Справа налево понеслись мраморные нимфы, позеленевший купидон в центре фонтана, лестница на террасу. Помчались в быстром вращении. Глянешь на купидона – остановится. Чуть отпустил взглядом – снова понесся. В воздухе вдруг возникло узкое, белой пылью лунного света присыпанное лицо с темными провалами глаз – серебряный человек. Галлюцинация, конечно!
Мир мчался вокруг него все быстрее – уже не остановить. Стван чувствовал, что и его сейчас понесет. Грудь, живот, плечи стали легкими, несуществующими.
Спросил себя – может быть, так умирают?
Судьи
– Где я?.. Вернее, когда?
– Никогда.
– Вы, наверное, сами думали о том, что напоминаете бегуна, большую часть пути тайно от других состязателей проехавшего на машине.

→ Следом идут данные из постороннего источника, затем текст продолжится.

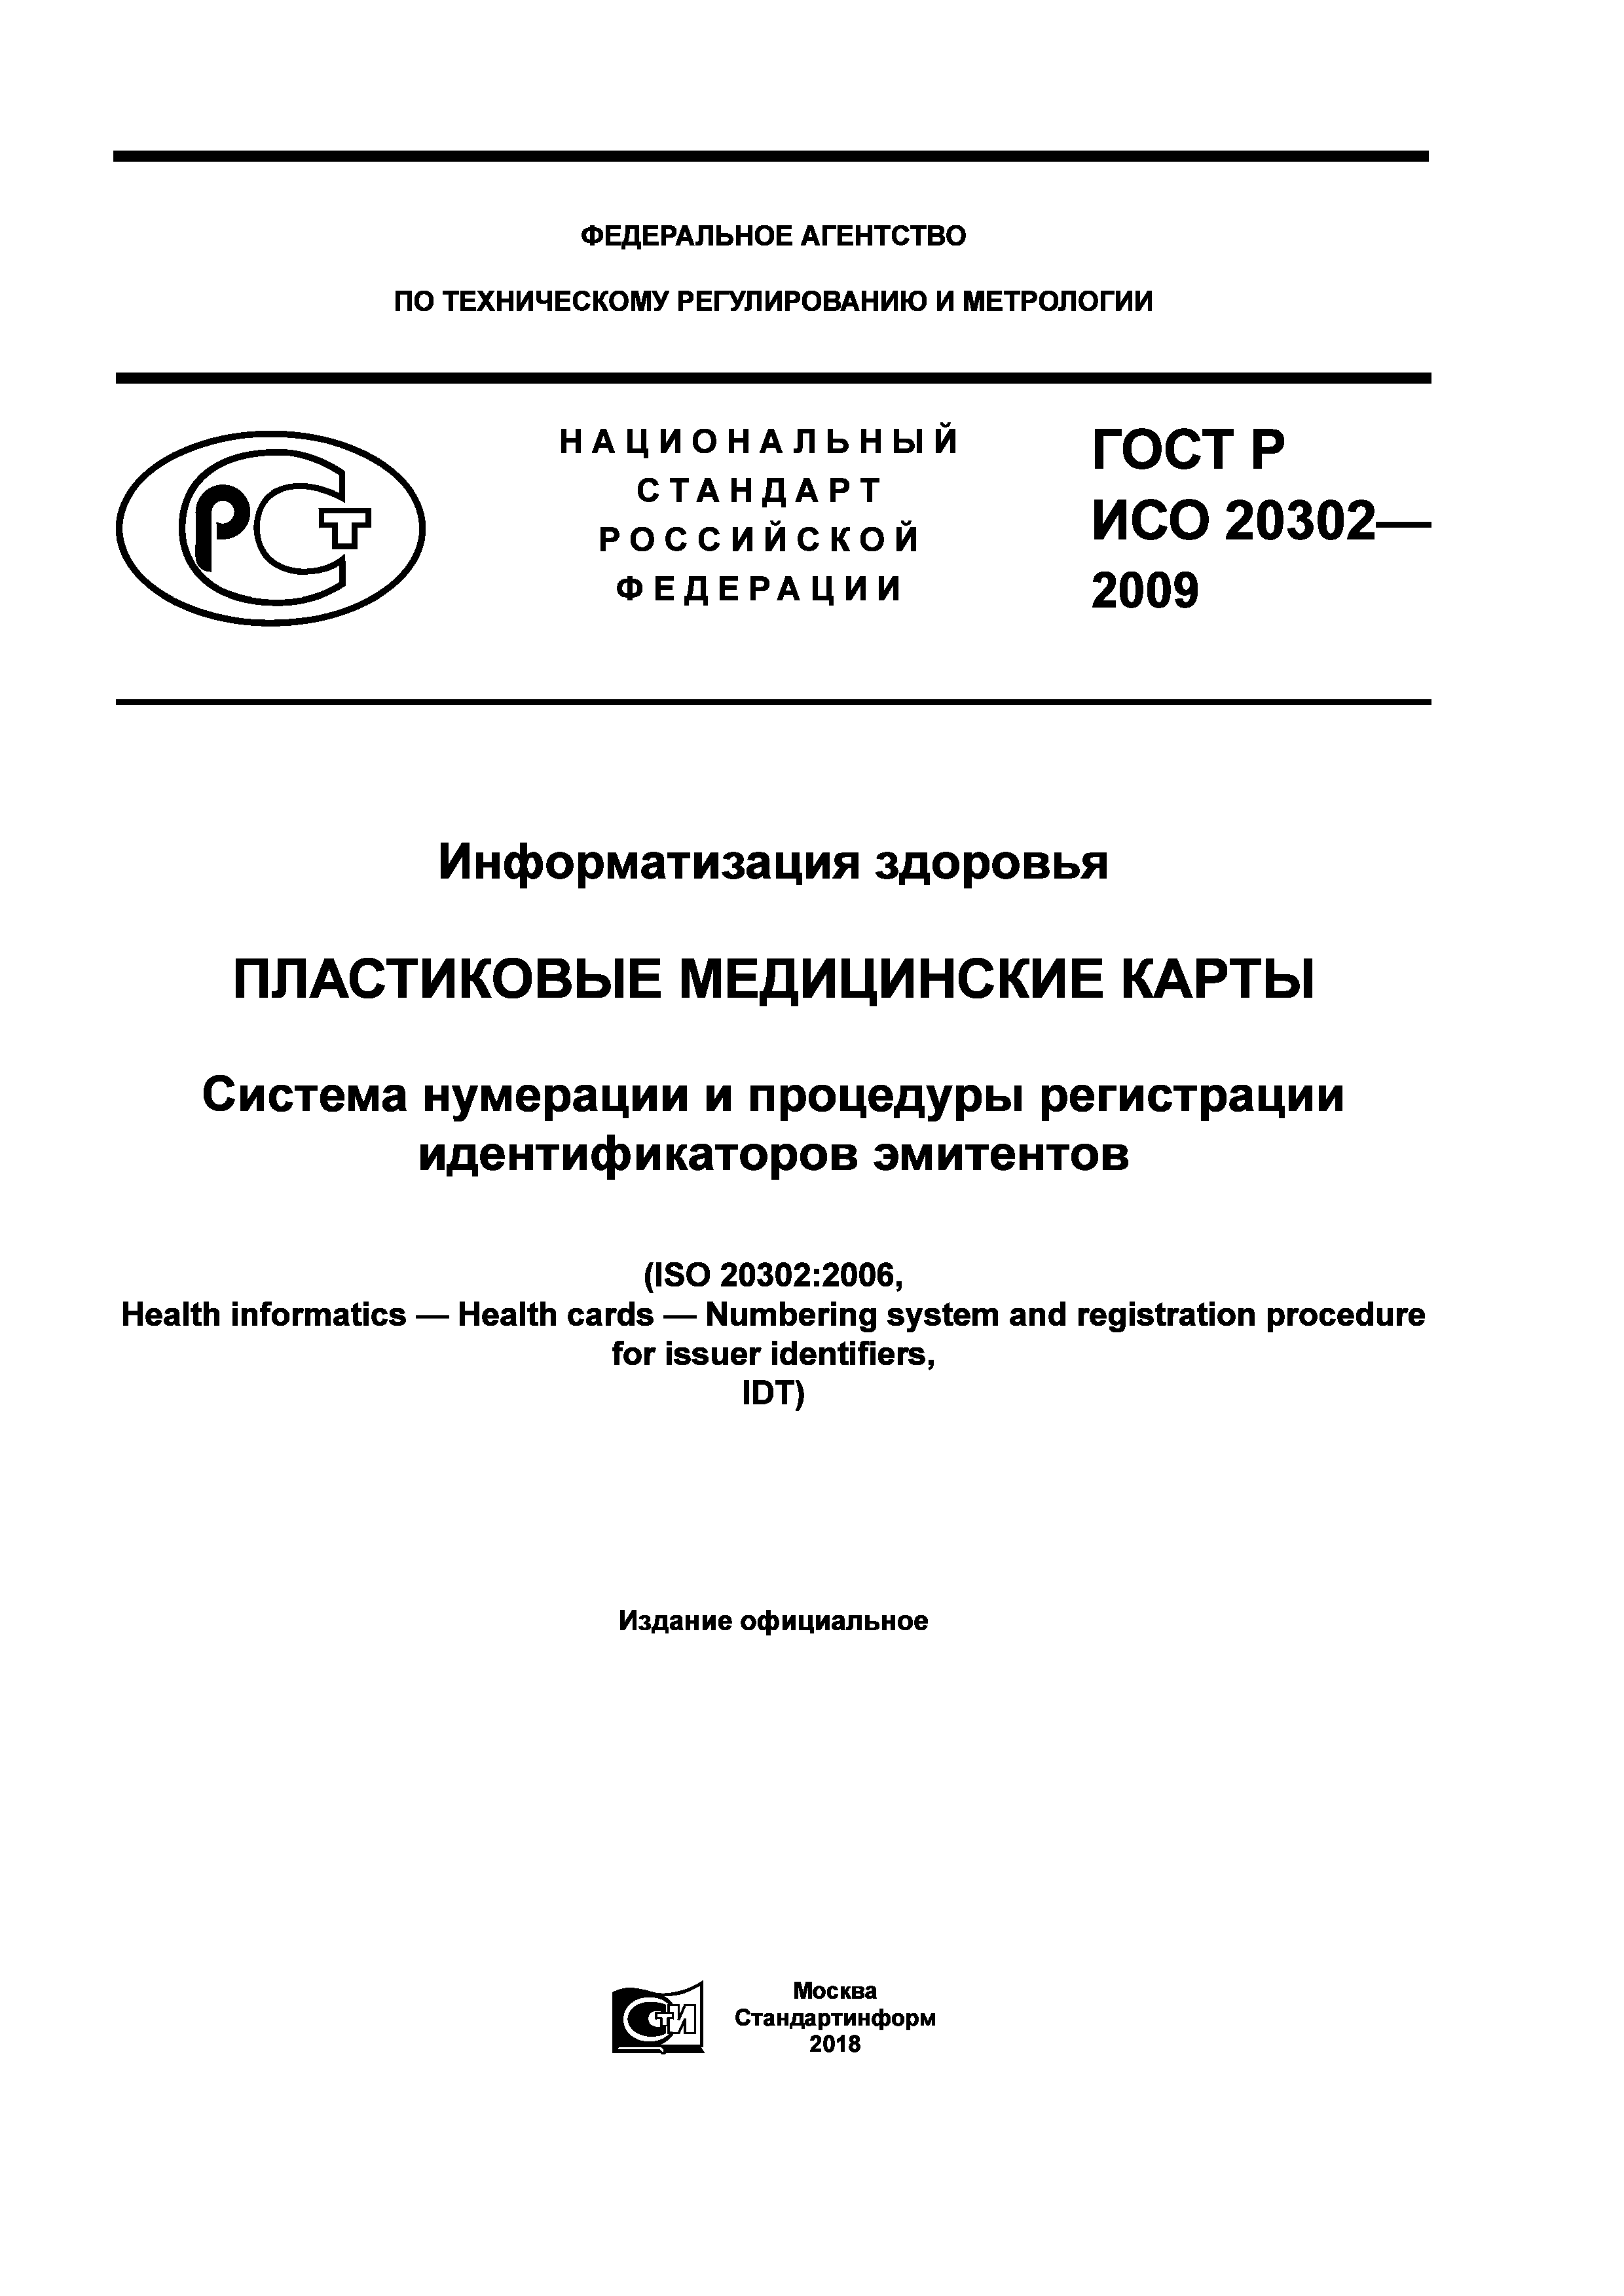 ГОСТ Р ИСО 20302-2009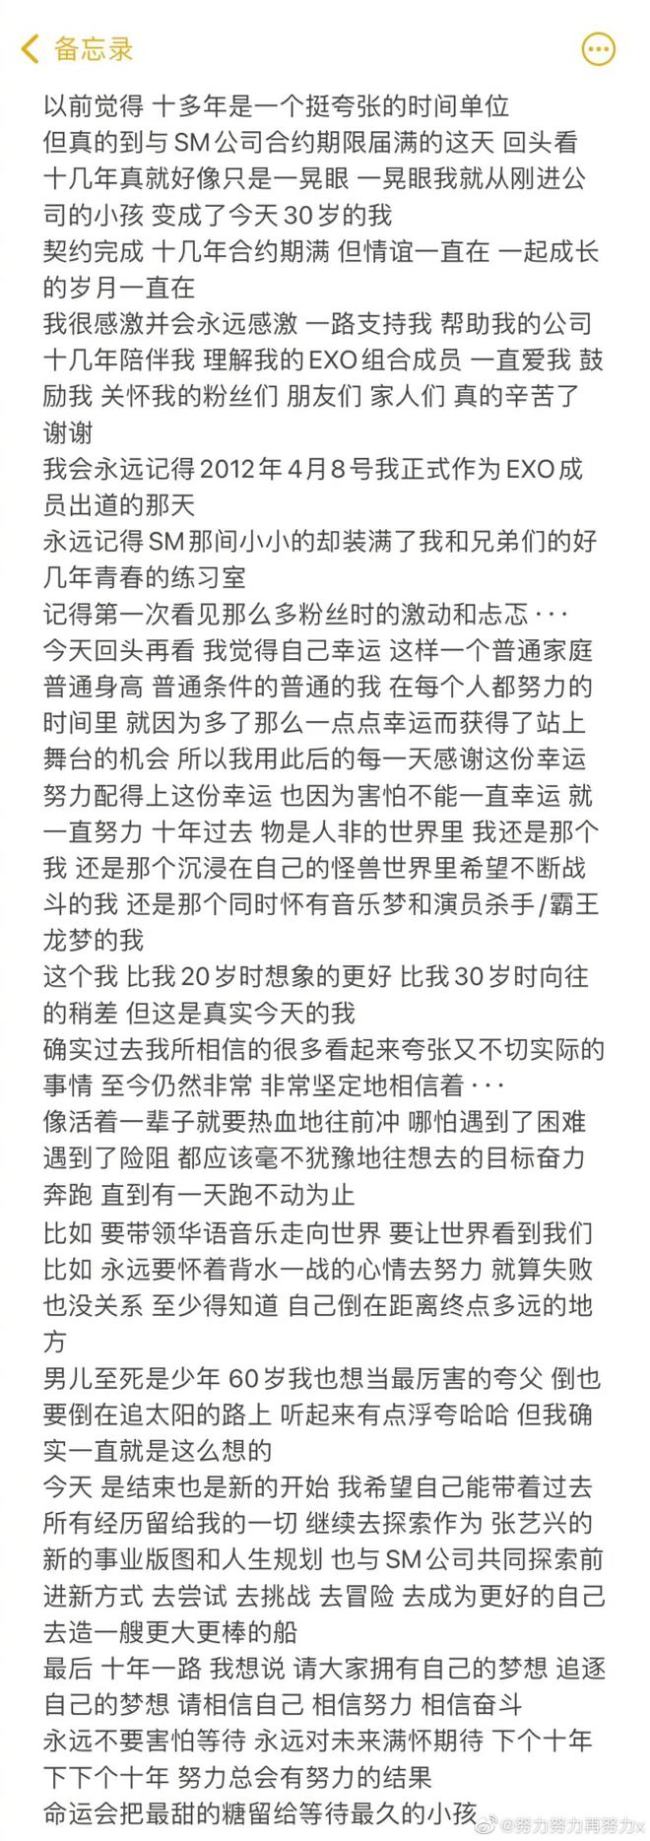 张艺兴宣布与SM合约到期 发长文回应过往经历

У вас неимоверный гандикап. В вашей власти знания двухсот лет развития человечества. Обладать таким сокровищем – само по себе злоупотребление.
Стван только кивал.
– Вам нет равных. Ваше присутствие унижает каждого. Посмотрите, когда вас нет, Федор герой среди деревенских. Вы пришли, он становится маленьким.
– Я это понимал. Я старался…
– Мы знаем. Собственно, вас никто не обвиняет. Мы просто обсуждаем положение… Вероятно, по-другому и не могло быть. Сама ситуация ненормальна. Наш промах, не были взвешены последствия. Вы хотели в прошлое, суд пошел навстречу. А позже некоторые стали рассматривать это как эксперимент.
– При вас люди умолкают. Вы замечали?
– Ну да. – Стван опять кивнул. При нем и раньше, в той прежней жизни, умолкали. Впрочем, сейчас упреки не трогали его. Оравнодушел к собственной судьбе. И как будто знал в себе присутствие чего-то такого, чего не отнять никаким новым приговором.
– Мы отдаем вам должное. Вы не распускались.
Судьи сидели за длинным столом, и Стван тут же вместе с ними. Напротив председательствующего.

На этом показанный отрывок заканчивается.